- _Exercise prompt_: Look through the entries below and copy exactly the part that begins with the line containing "Should the Type" and ends with the line containing "Sue Wong Embroidered". Do not copy the pictures.
*** Opening of Listed records ***
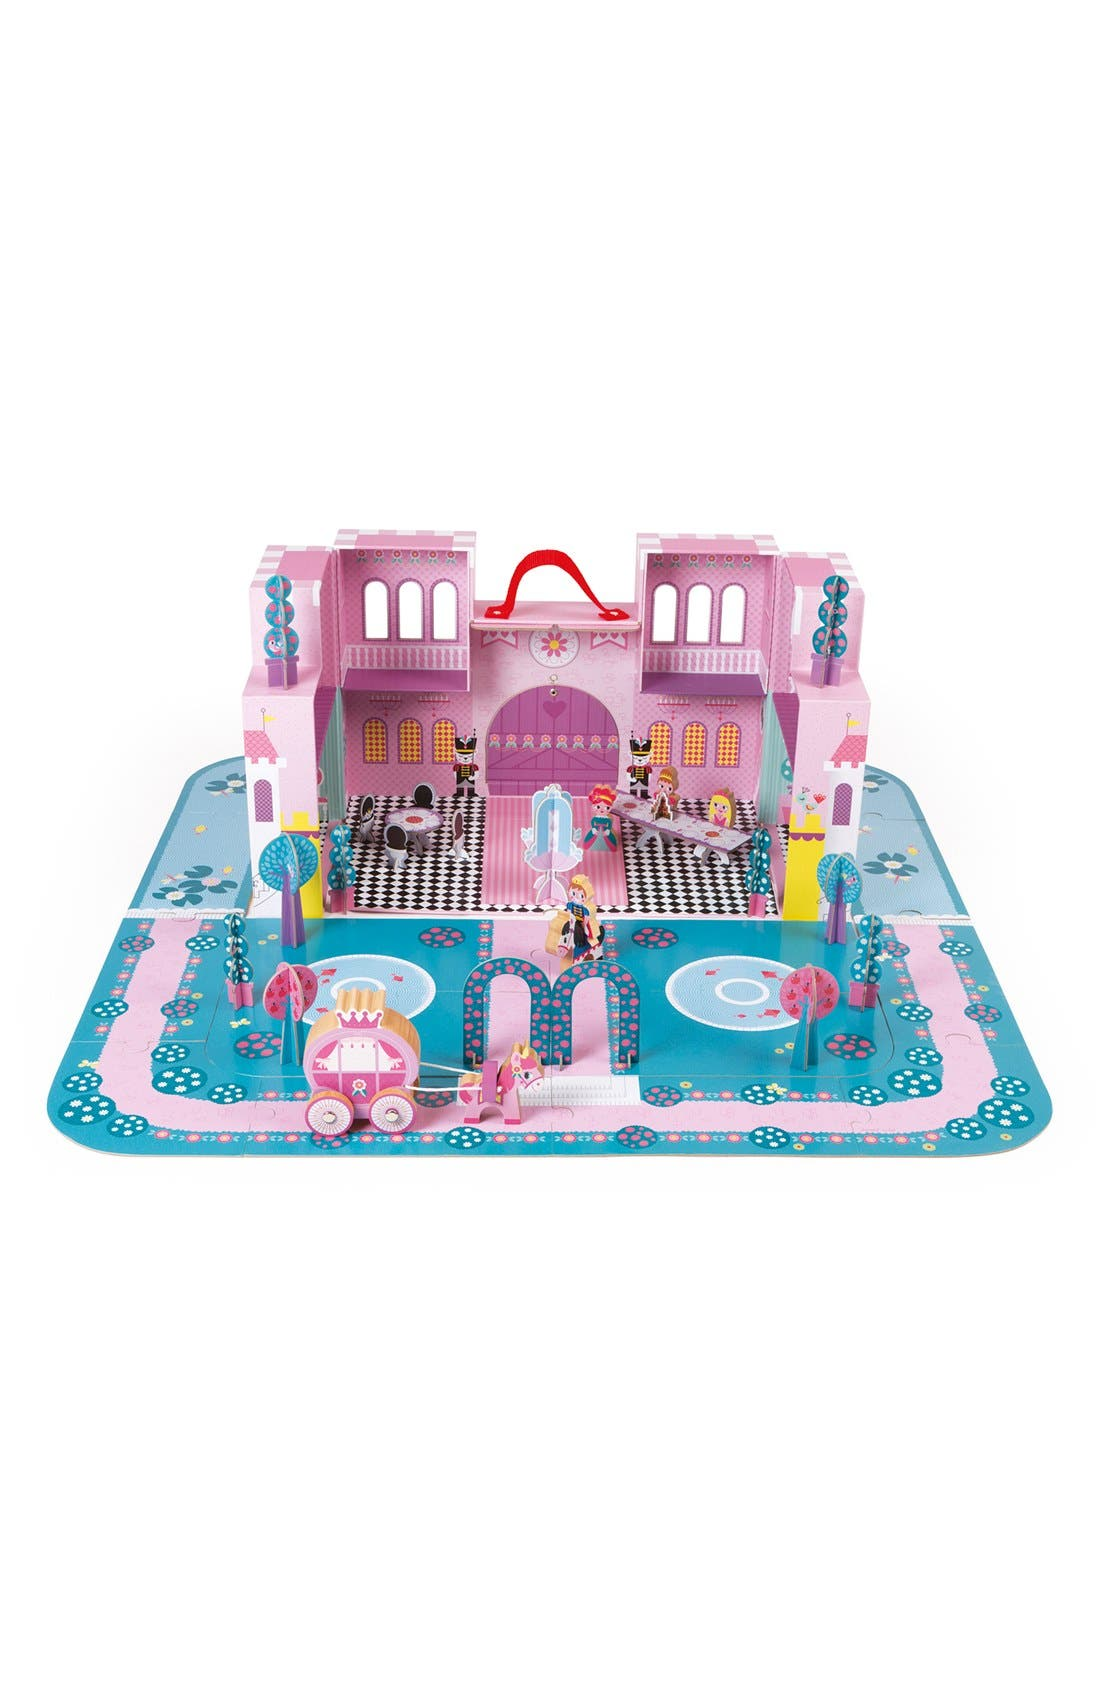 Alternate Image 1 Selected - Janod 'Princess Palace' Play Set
*** Close of Listed records ***
*** Opening of Listed records ***
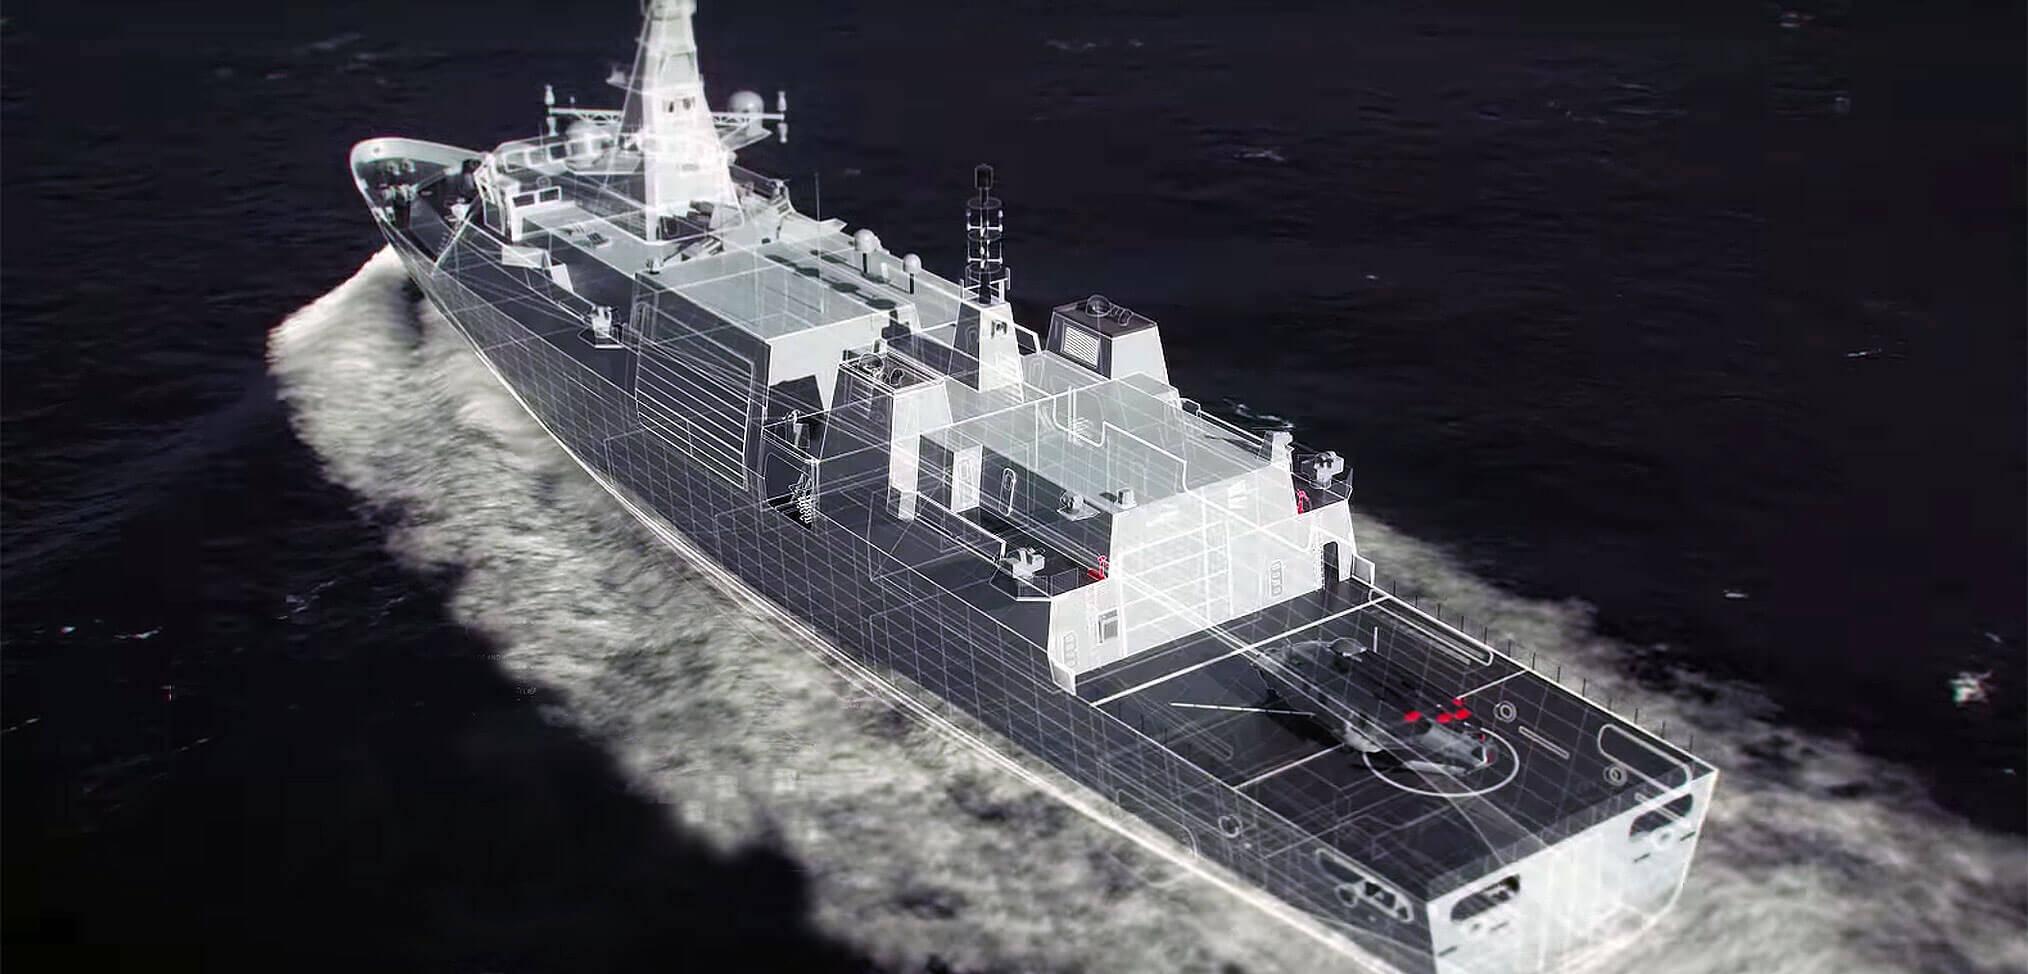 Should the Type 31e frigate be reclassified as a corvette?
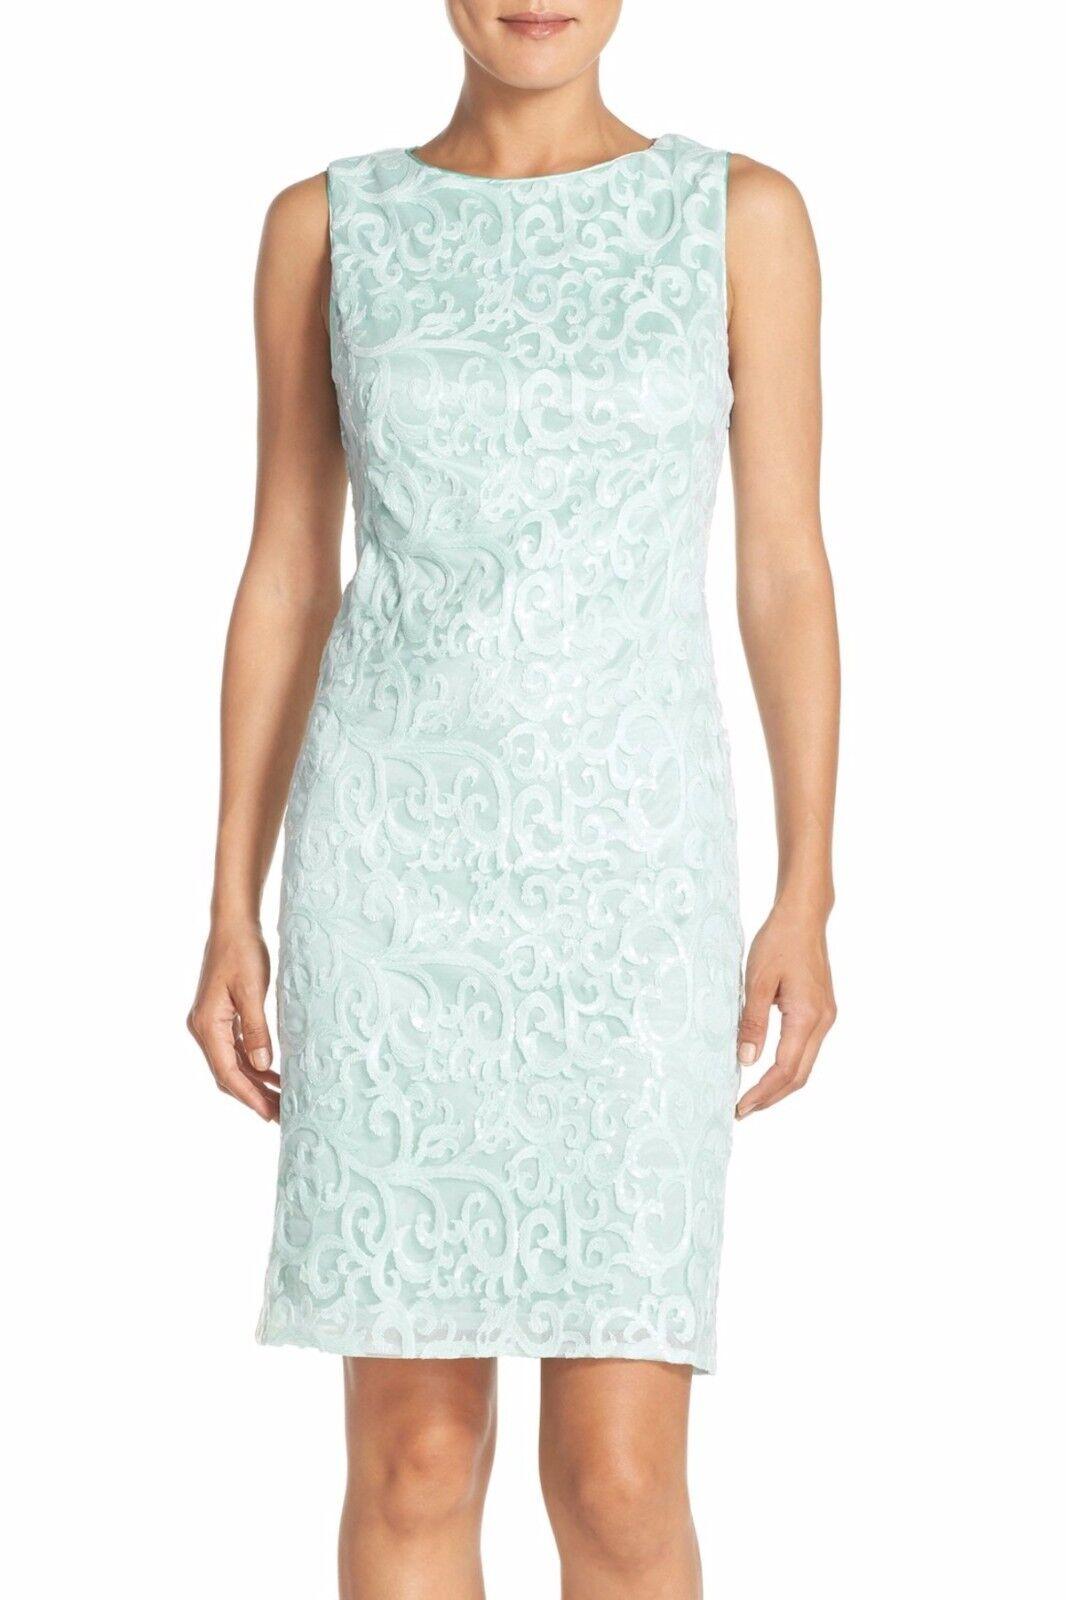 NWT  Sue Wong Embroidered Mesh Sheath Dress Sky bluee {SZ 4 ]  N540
*** Close of Listed records ***
*** Opening of Listed records ***
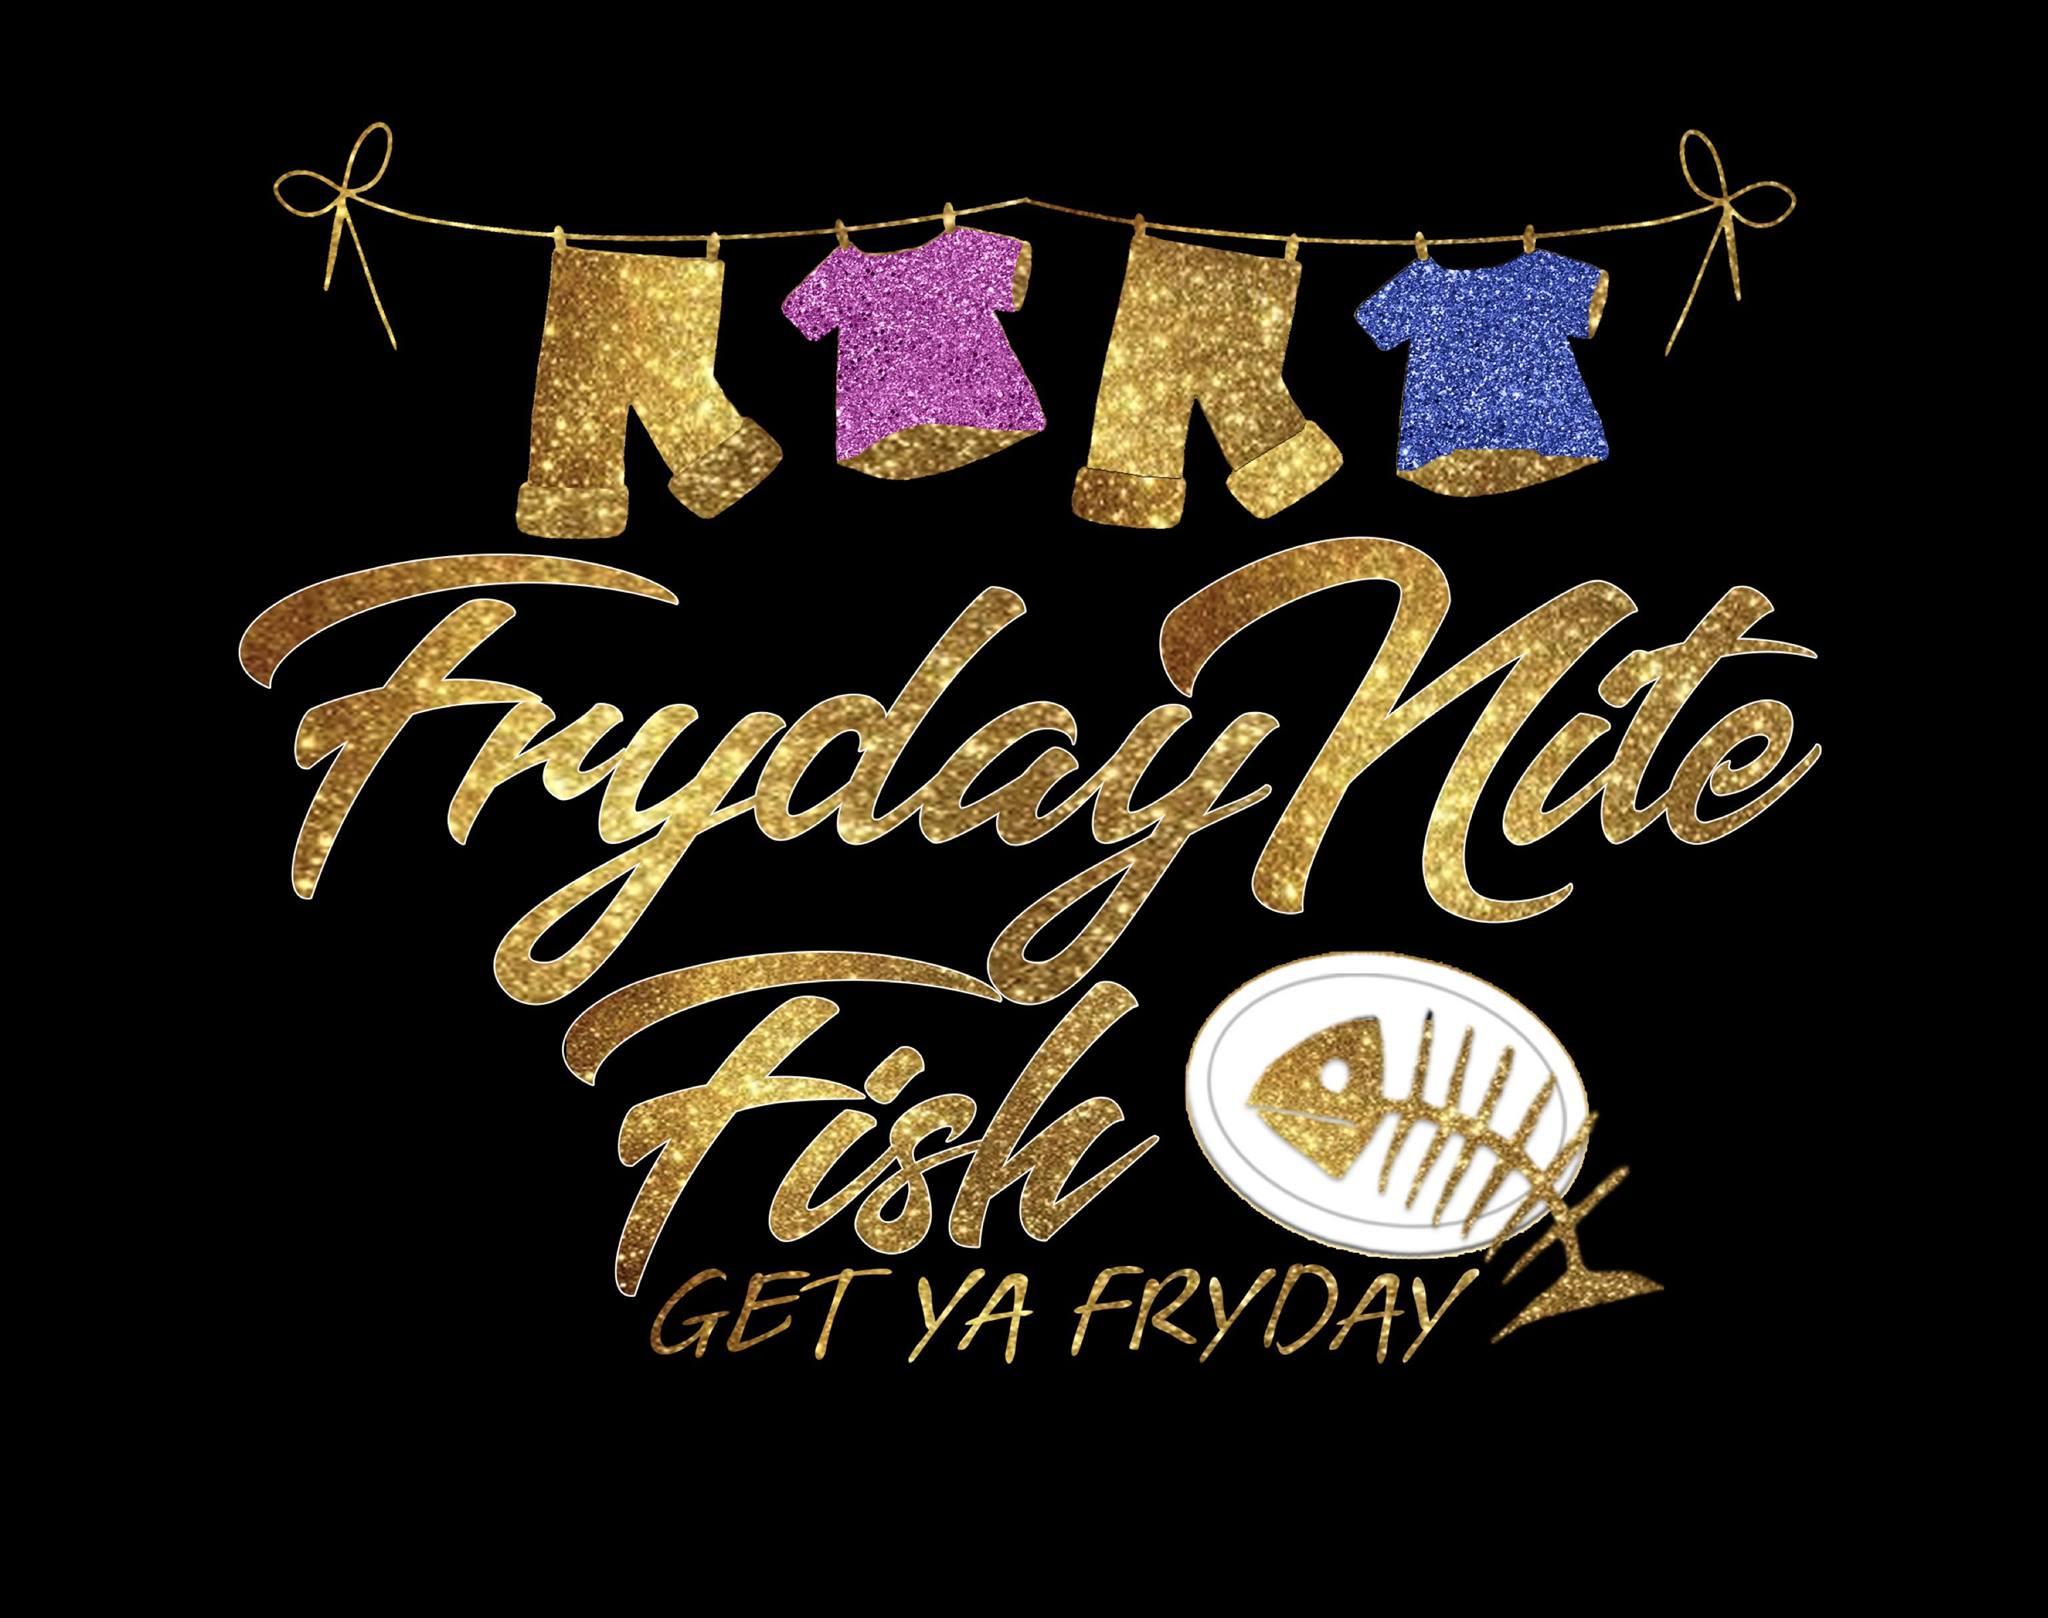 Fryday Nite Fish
*** Close of Listed records ***
- _Solution_:
 Should the Type 31e frigate be reclassified as a corvette?
 NWT  Sue Wong Embroidered Mesh Sheath Dress Sky bluee {SZ 4 ]  N540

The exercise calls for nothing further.